If an experiment or study is designed to determine which factors might influence other factors of interest, you are testing the correlation between these factors. For example, you may have noticed that men prefer diet cola and women prefer mineral water. Proving this type of correlation allows you to establish a predictive relationship for future behavior.
The concept of correlation was first attributed to Sir Charles Galton, a cousin of Charles Darwin, in the 1880’s. Galton spent many years studying patterns related to physical traits in humans and what behaviors could be predicted by them. By later developing the concept of regression, he was able to apply a statistical scale to his observations that could prove or disprove relationships between them.
Correlation is important to consider in website testing for two primary reasons:
- When you run an A/B test, you want to know if the variable being changed is actually influencing conversions. If you detect a strong correlation between either of versions A or B and higher conversions, you may want to pursue that option.
- Valid correlation studies require isolating the variable of interest from all other lurking variables to ensure your results are not tainted. This is why both correlation and causation are important.
Two variables might be correlated without having any type of cause-and-effect relationship.
Causation means that one factor actually caused the other to happen, i.e. changing the order button on your website from green to red caused conversions to improve. However, if the new order button was tested in a different month, or on different users (desktop rather than mobile for example) then you may have detected correlation without the all-important causation.
Correlation studies can be used to determine quantitative (numerical) correlations, such as correlating height to weight. Website testing, such as A/B testing, is typically looking at categorical correlation, which means a large enough difference between the results seen in one category vs. the other is considered significant.
In a variable correlation, the strength of the relationship between the two factors can be defined by a correlation coefficient. A coefficient value close to 1.0 means the two factors have a strong relationship, and plotting one against the other results in a nearly straight line.

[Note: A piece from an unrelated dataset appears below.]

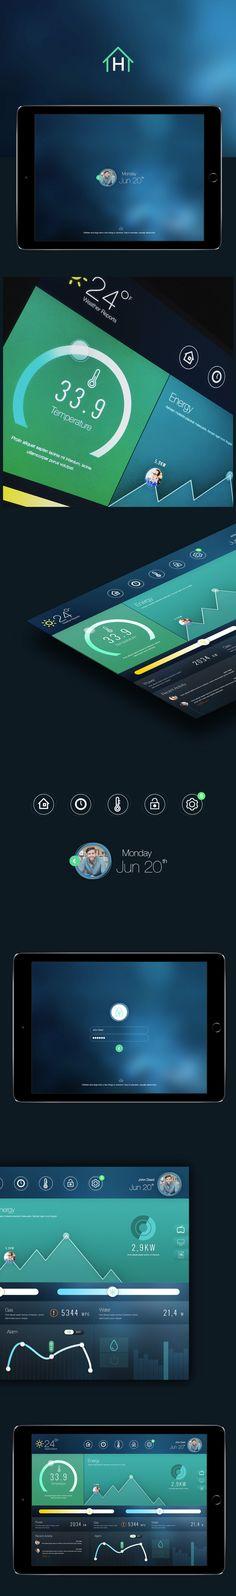 Home Dashboard (by Cüneyt ŞEN) #app #concept #behance

You can then use what you observed about the two factors to create an equation, which can predict the expected value of one factor given the actual value of the other.
Variable and categorical correlation studies require one variable to be defined as the response variable, and one to be the predictor variable. In our variable example, height would be considered the predictor variable since it might be used to approximate weight. In our A/B test (categorical) example, the website version would be the predictor, and the number of conversions would be the response. If there is a strong correlation, knowing the predictor value might tell you something about the response, but not necessarily vice versa.